Aksaray Valisi Hamza Aydoğdu, kentte kısıtlamalar kapsamında AFAD ekibinin araçtan yaptığı anonstan korkarak tedirgin olan özel çocuğa AFAD ekibi ile özel bir ziyaret yaptı. Çocukla uzun süre muhabbet ederek zaman geçiren Vali Aydoğdu çocuğun endişesini silip attı.
Korona Virüs salgınıyla mücadele kapsamında uygulanan tam kapanmalı sokağa çıkma kısıtlamasında Aksaray’da geniş güvenlik önlemleri alan ekipler kent genelinde Aksaray Valisi Hamza Aydoğdu’nun başlattığı “Devlet millet el ele, Korona Virüsle Mücadele” sloganıyla etkin bir mücadele yürütüyor. Bu çerçevede Emniyet, jandarma, İl Afet Acil Durum (AFAD), Ulusal Medikal Kurtarma (UMKE) sağlık ekipleri gibi tüm kurum ve kuruluşların ekipleri kent genelinde denetimler yaparak Aksaray halkını bilgilendiriyor. AFAD ekipleri de araç ile sokak sokak cadde cadde gezerek hem denetim hem de bilgilendirme yaparken, babasıyla evlerinin önünde bulunan parktaki salıncakta sallanan Down Sendromu küçük Burak yapılan anonslardan korkarak tedirginlik yaşadı. Özel çocuğun yaşadığı tedirginliği sosyal medya üzerinden gören Aksaray Valisi Hamza Aydoğdu hemen harekete geçerek AFAD Müdürü Cezmi Türkmen, Milli Eğitim Müdürü Hacı Ömer Kartal, İl Özel İdaresi Genel Sekreteri Yüksel Çelik ve ekiplerle birlikte özel çocuk Burak’a özel bir sürpriz ziyaret yaptı. Burak’ı evinde ailesiyle birlikte ziyaret eden Vali Aydoğdu, özel çocukla yakından ilgilenerek tüm tedirginliğini alırken, ailesiyle yaptığı görüşmede yapılan çalışmalar ve alınan tedbirler hakkında bilgiler vererek yaşanan olaydan duyduğu üzüntüyü dile getirdi.
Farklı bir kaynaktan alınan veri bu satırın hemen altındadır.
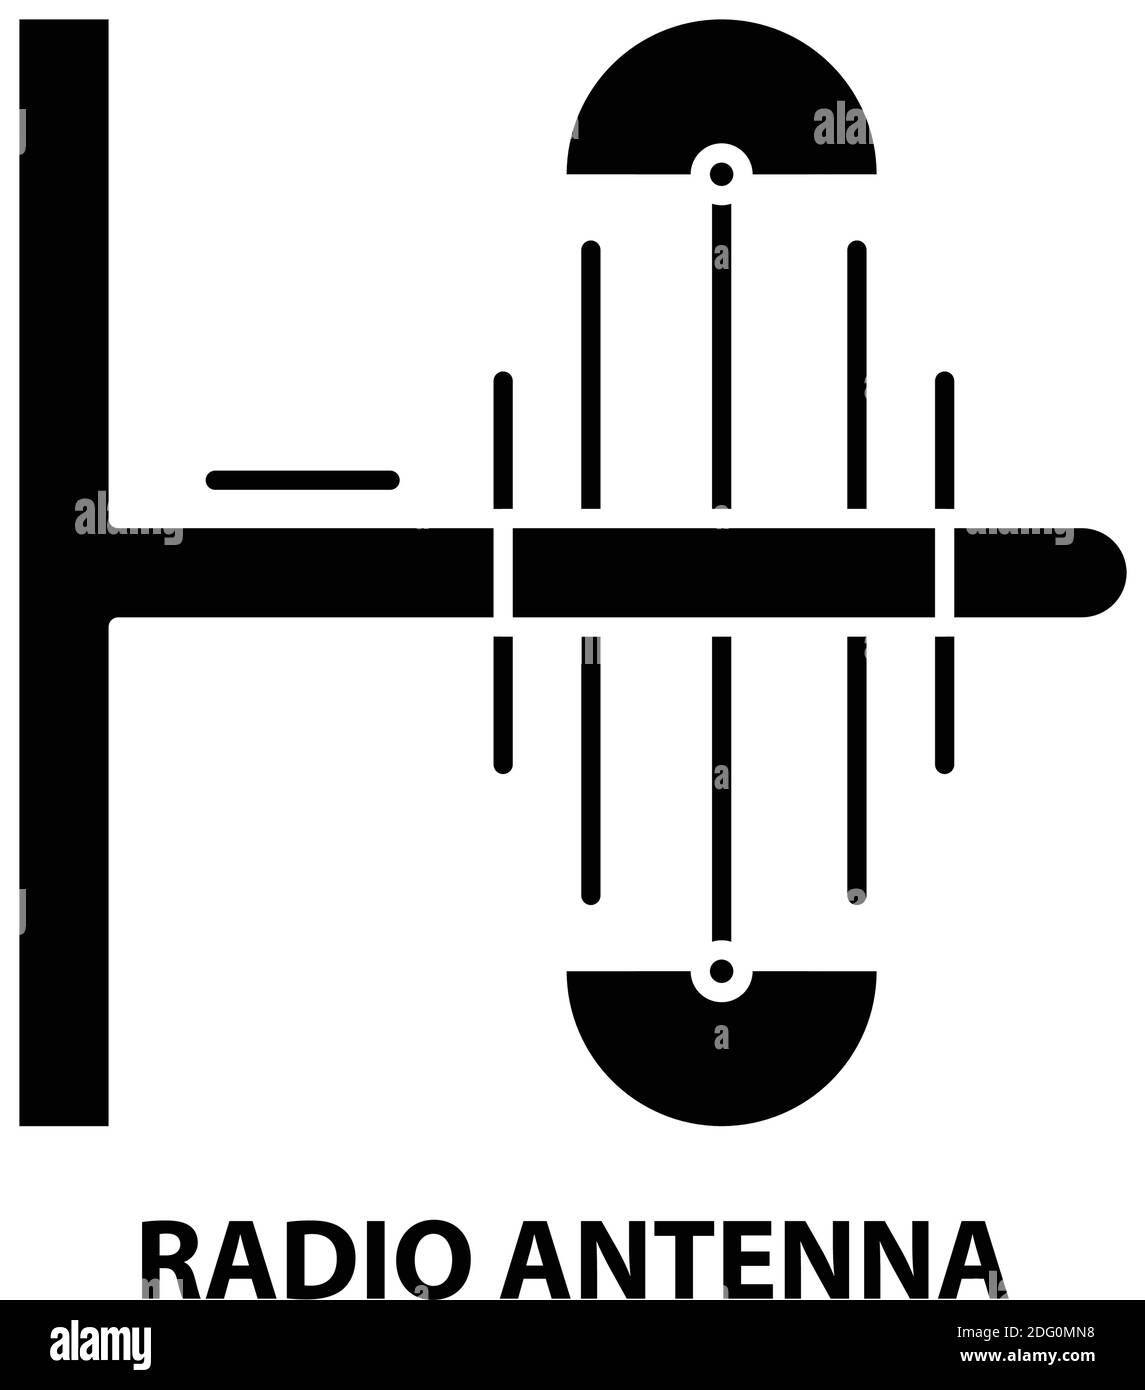 Antennensymbol des Funkgeräts, schwarzes Vektorzeichen mit editierbaren Strichen, Konzeptdarstellung Stock Vektor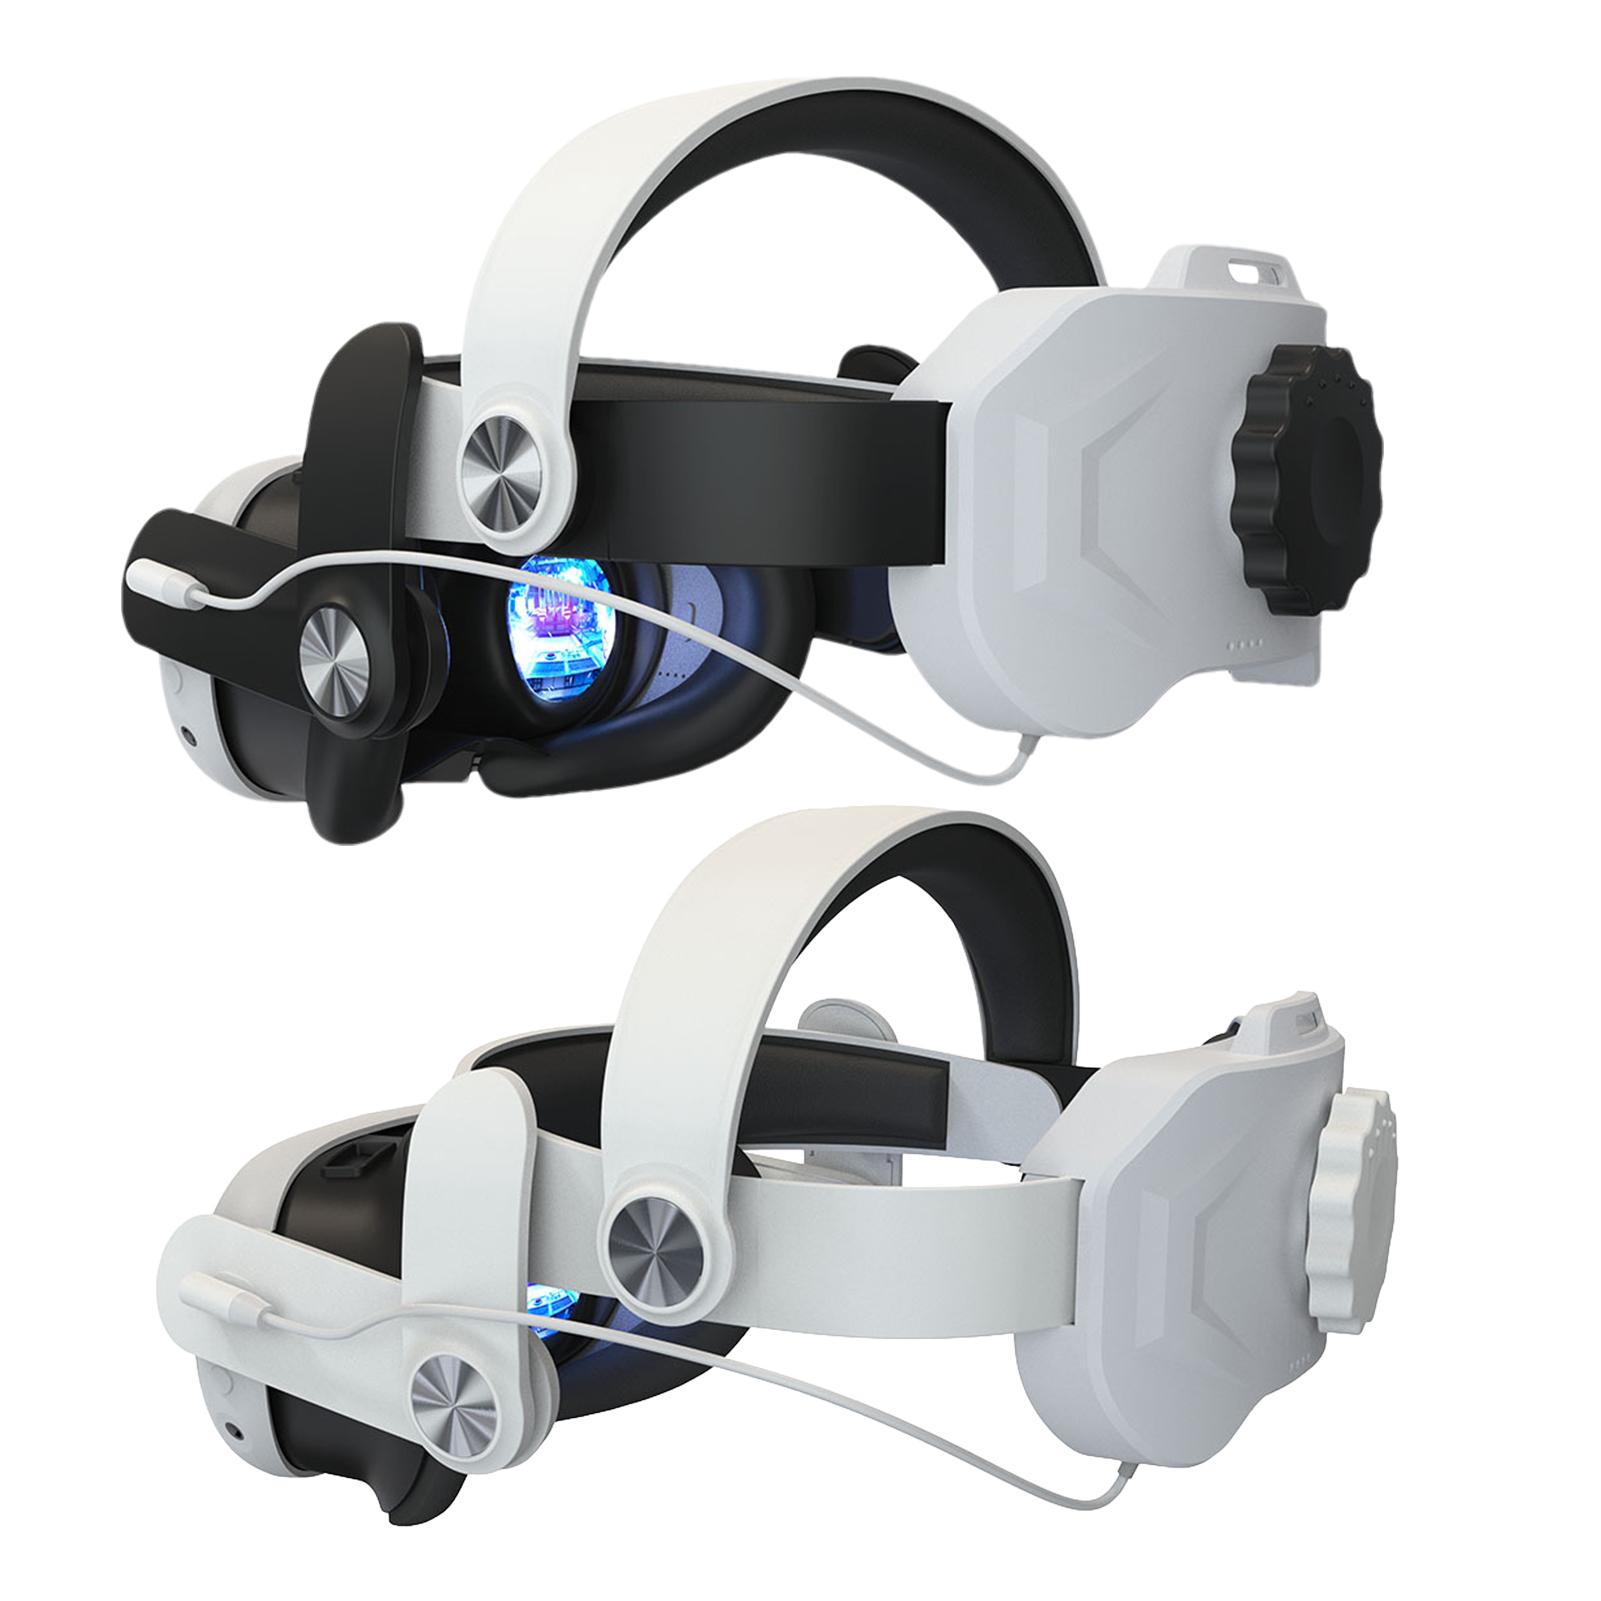 ヘッドストラップ バッテリー付き VR ヘッドセット 6000mAh バッテリーパック 調節可能なストラップ メタクエスト 3 VR ヘッドセットと互

“Tek gayemiz el birliği ile en az hasarla bu günleri geride bırakmak”
Burada bir açıklama yapan Vali Aydoğdu, “Bir yılı aşkındır salgınla mücadele ediyoruz. Her şeyden, en çok da sevdiklerimizden mahrum kaldık. Şimdi de evlere kapandık, bütün dünya zor günlerden geçiyor. Bir de orucun verdiği yorgunluk olunca stres katsayıları istemeden de olsa artabiliyor. Sağlık ekiplerimiz başta olmak üzere güvenlik, AFAD ve tüm birimlerimizle her türlü fedakarlığı vererek sahadayız. Ailelerimizi bile ihmal ettiğimiz olabiliyor. Hepimizin tek gayesi var. En az hasarla ve el birliği ile bu günleri geride bırakmak. Zaman zaman istemeden de olsa kırgınlıklar, dargınlıklar olabiliyor. Sonuçta Şehri-i Süleha’nın sakinleriyiz. ‘İnsanlık hali’ diyebilmeliyiz. Biz birlikte kocaman bir aileyiz. Düşmüş olan kan şekerimizi baklava ile yükselttik. Ama daha tatlısı Burak’a sarılmak bütün yorgunluğumuzu aldı. Ayrıca konuşabilmek, anlayabilmek, erdemli olmanın binlerce yolu var. Bir tanesini de Burak evladımızın vesilesi ile yapmış olduk. ‘Kusura bakmayın, siz de haklısınız’ diyebilmek ne güzel şey” dedi.